*** Opening of Records shown ***

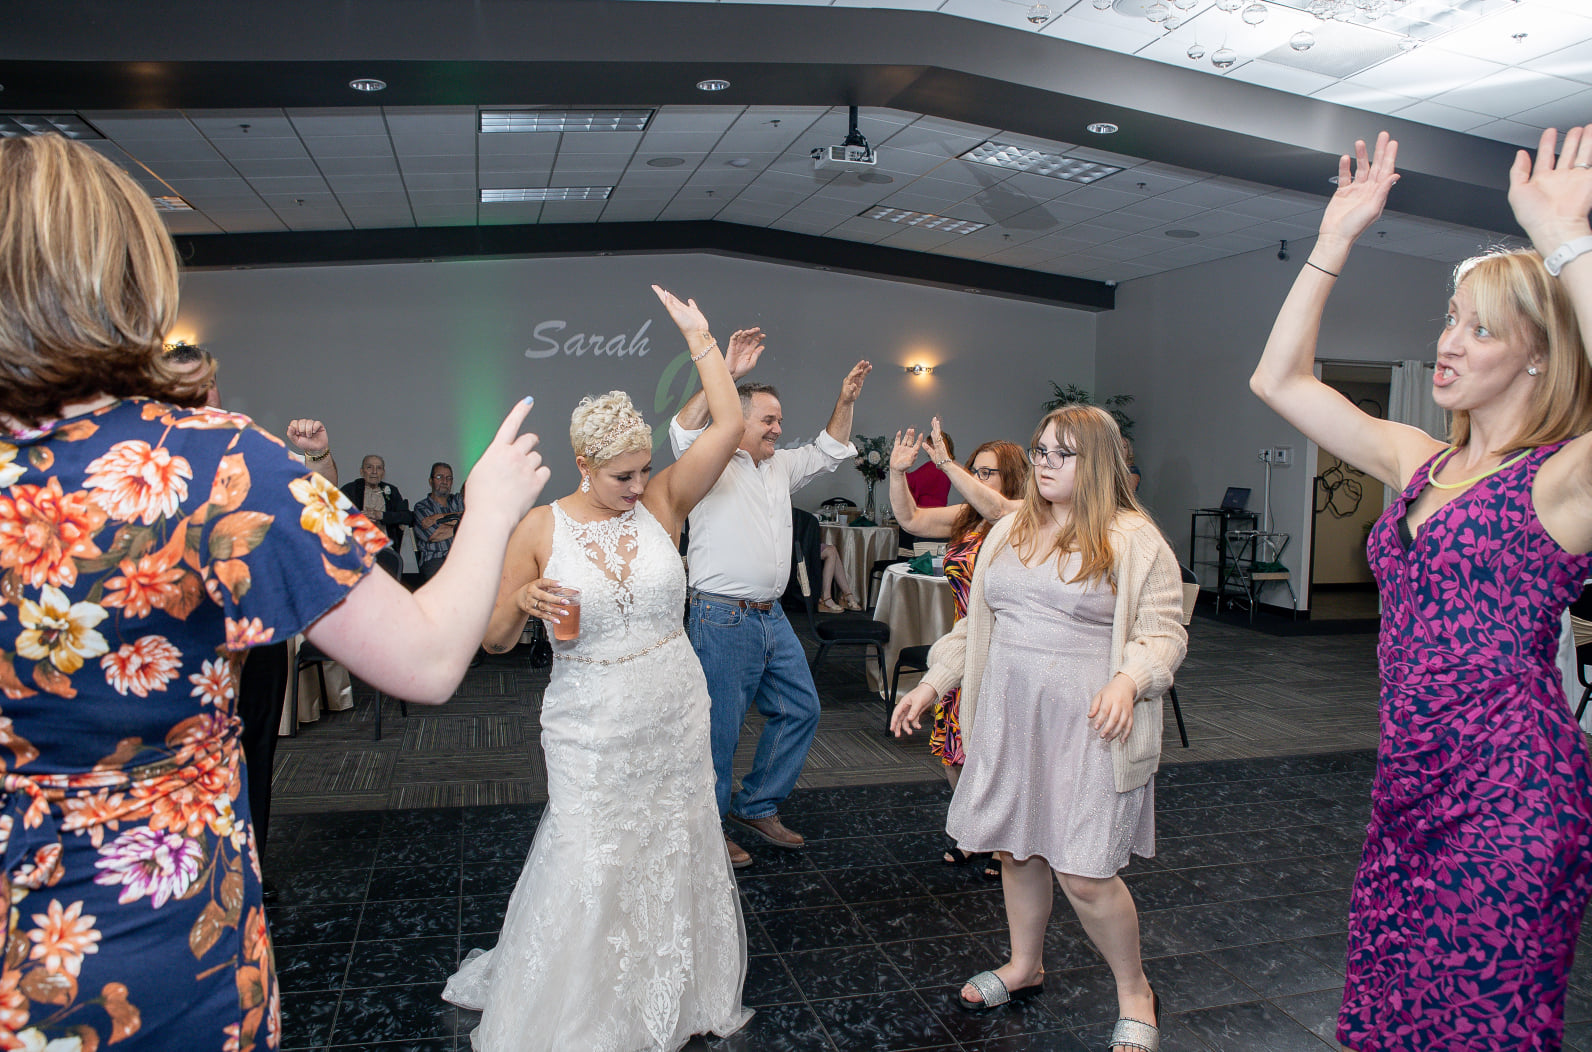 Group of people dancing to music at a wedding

*** Close of Records shown ***
*** Opening of Records shown ***

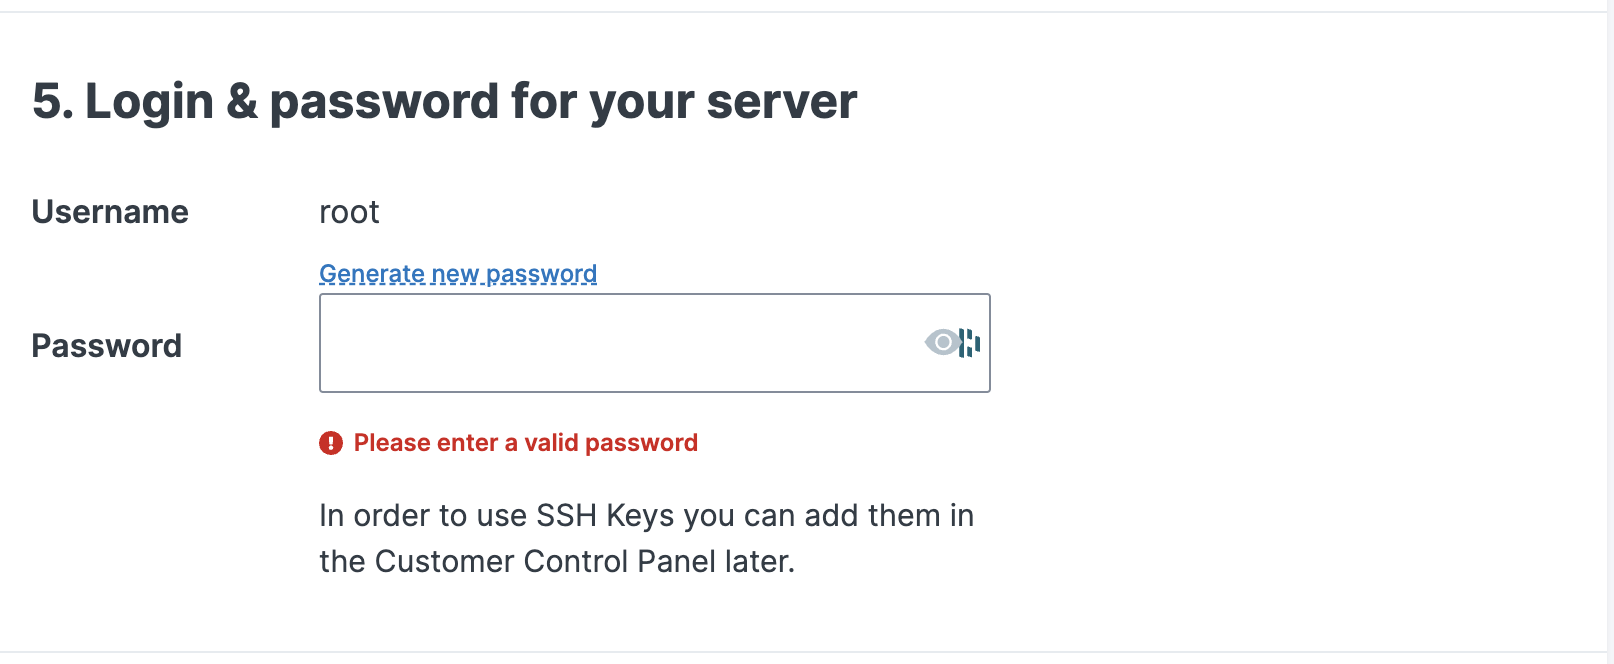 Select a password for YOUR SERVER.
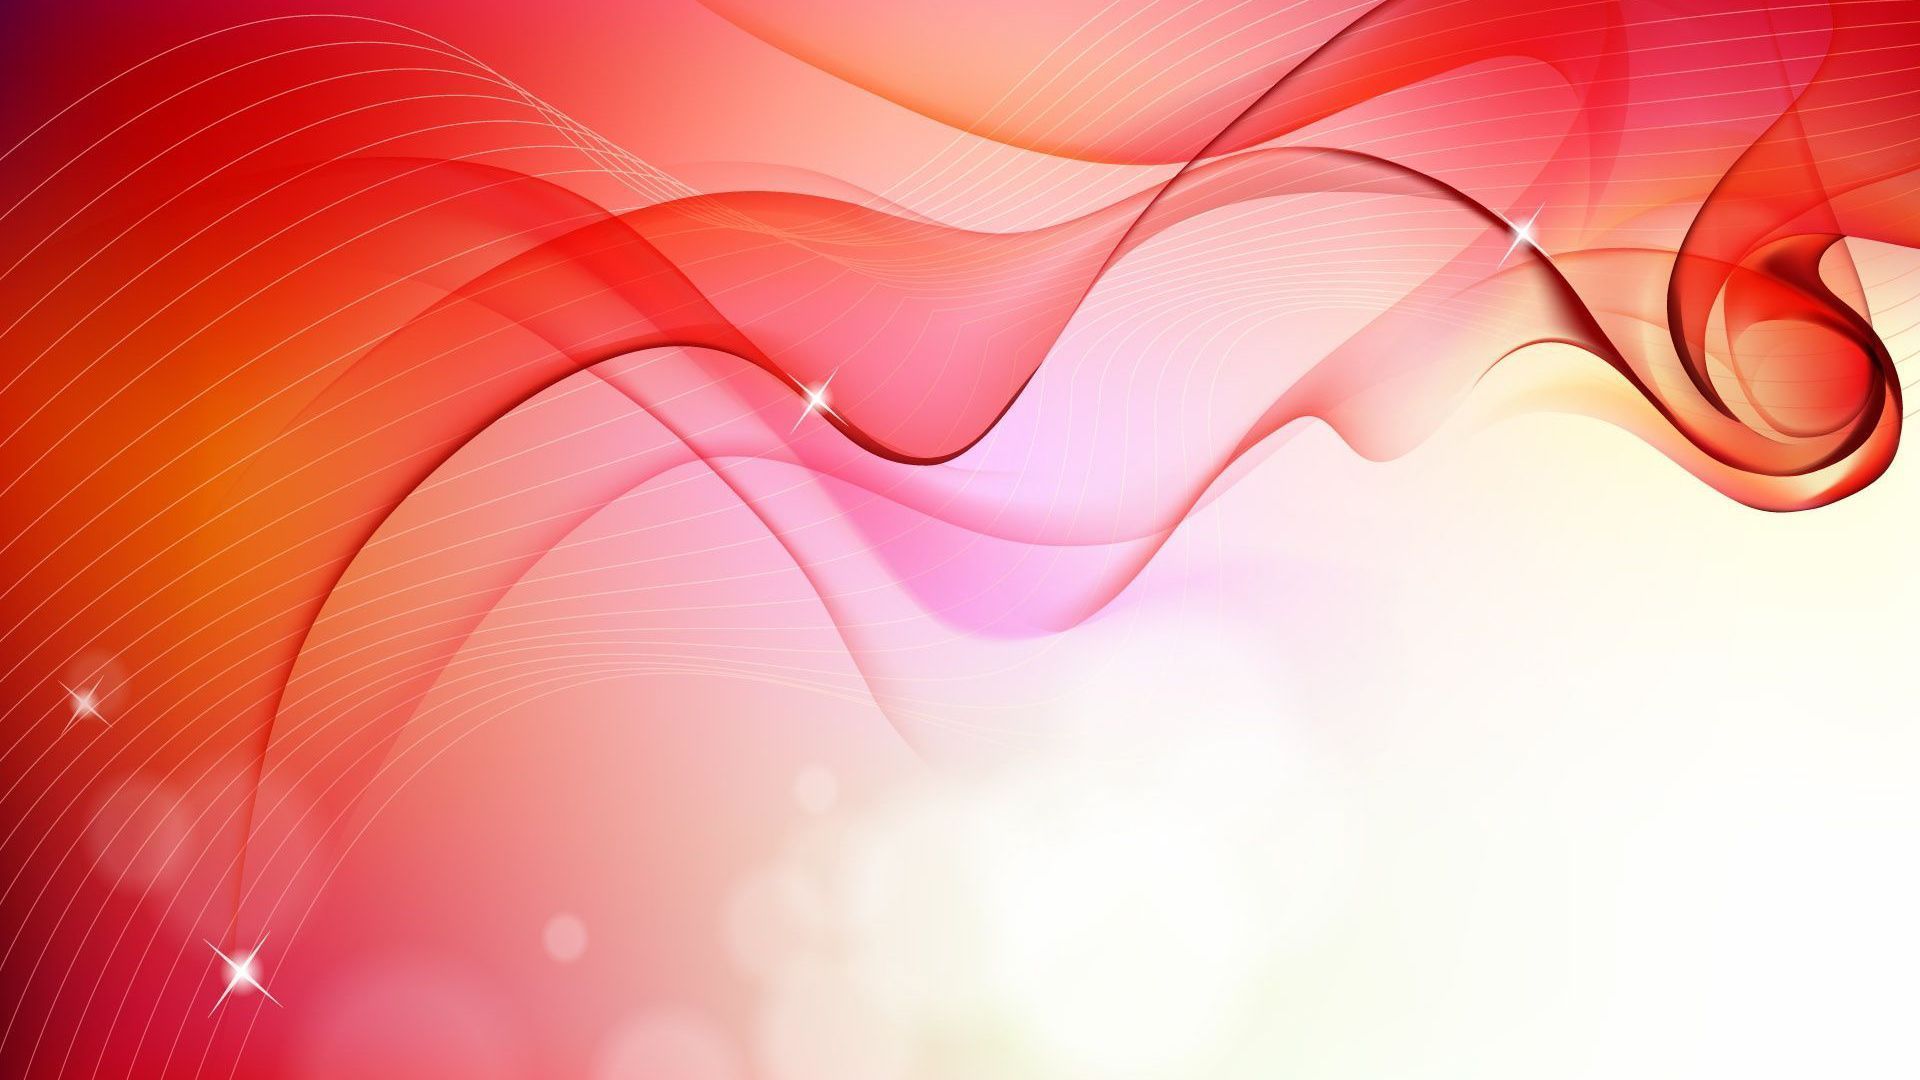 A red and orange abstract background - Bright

*** Close of Records shown ***
*** Opening of Records shown ***

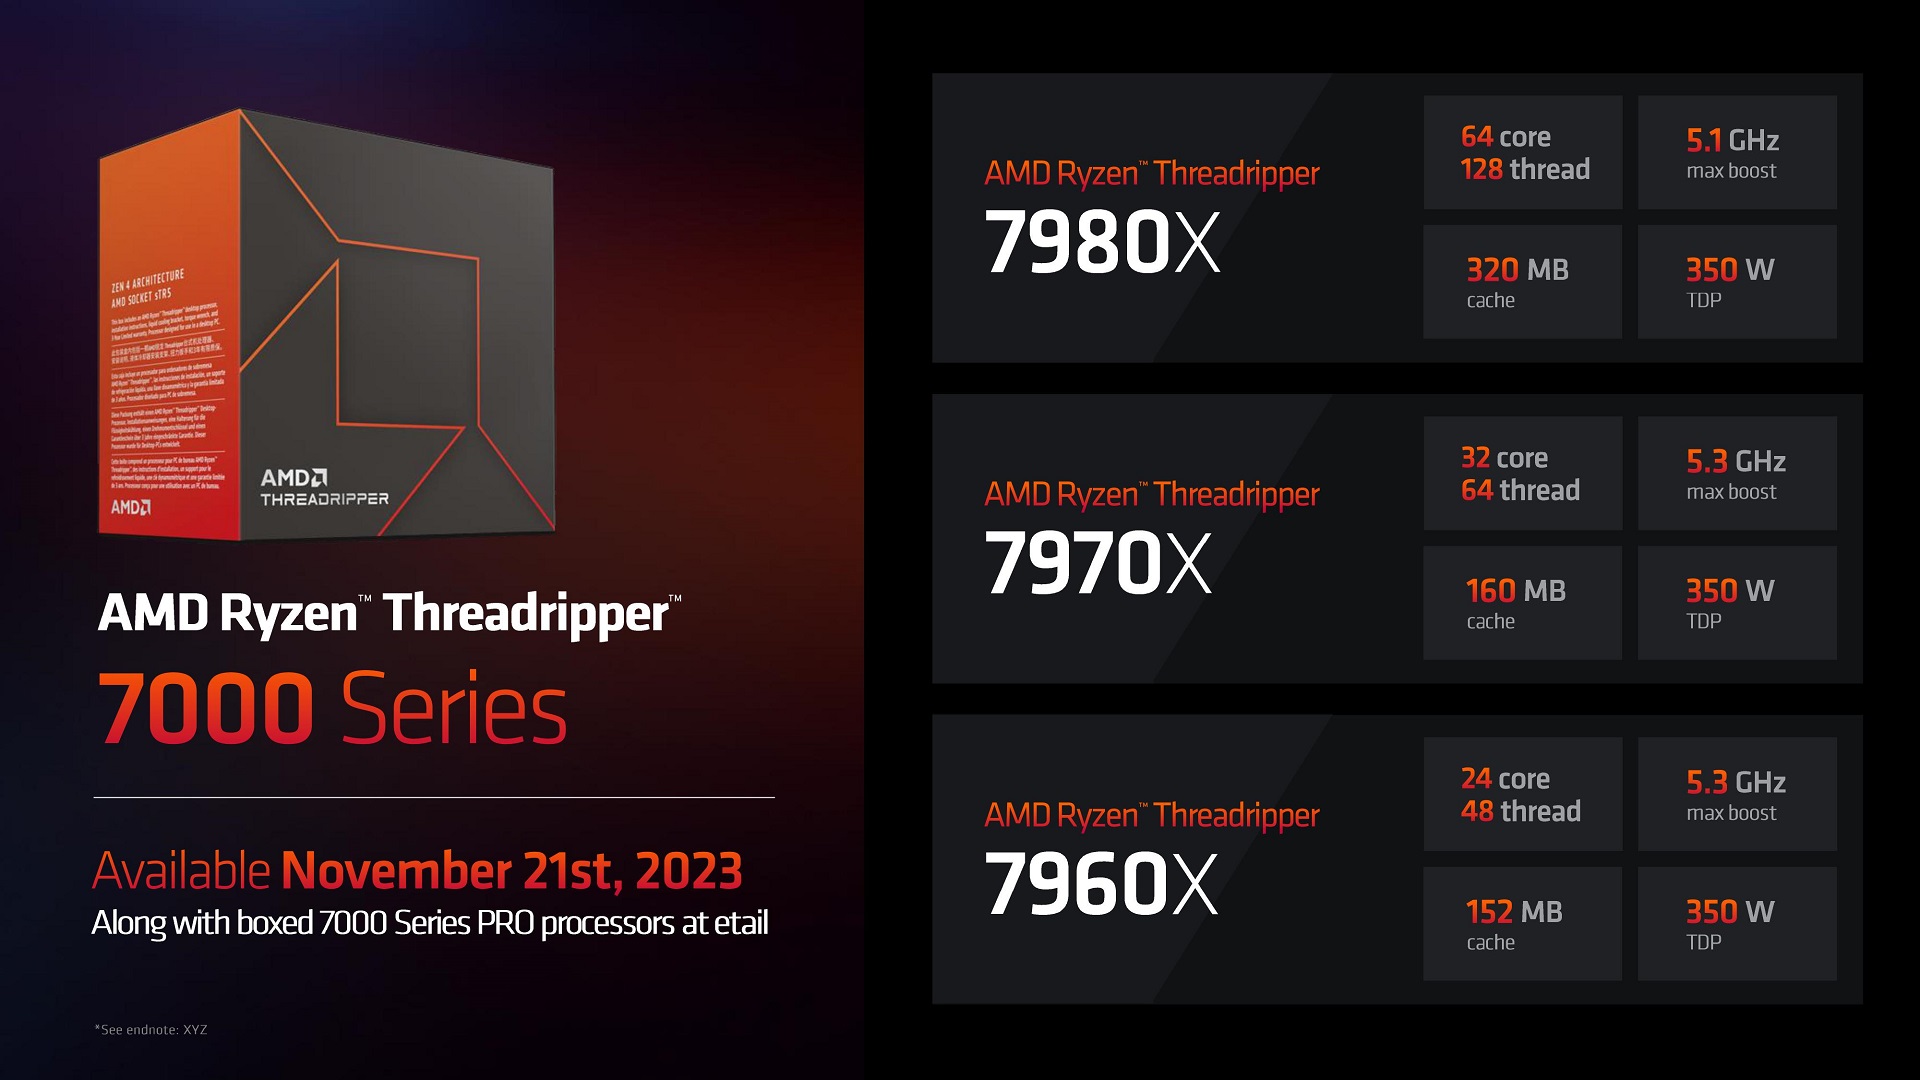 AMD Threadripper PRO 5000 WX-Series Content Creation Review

*** Close of Records shown ***

→ **Brief**: From the records above, return exactly the lines running from the one that contains "Select a password for YOUR SERVER." down to the one that contains "A red and orange", both included, without any pictures.

→ **Task response**:
 Select a password for YOUR SERVER.
 A red and orange abstract background - Bright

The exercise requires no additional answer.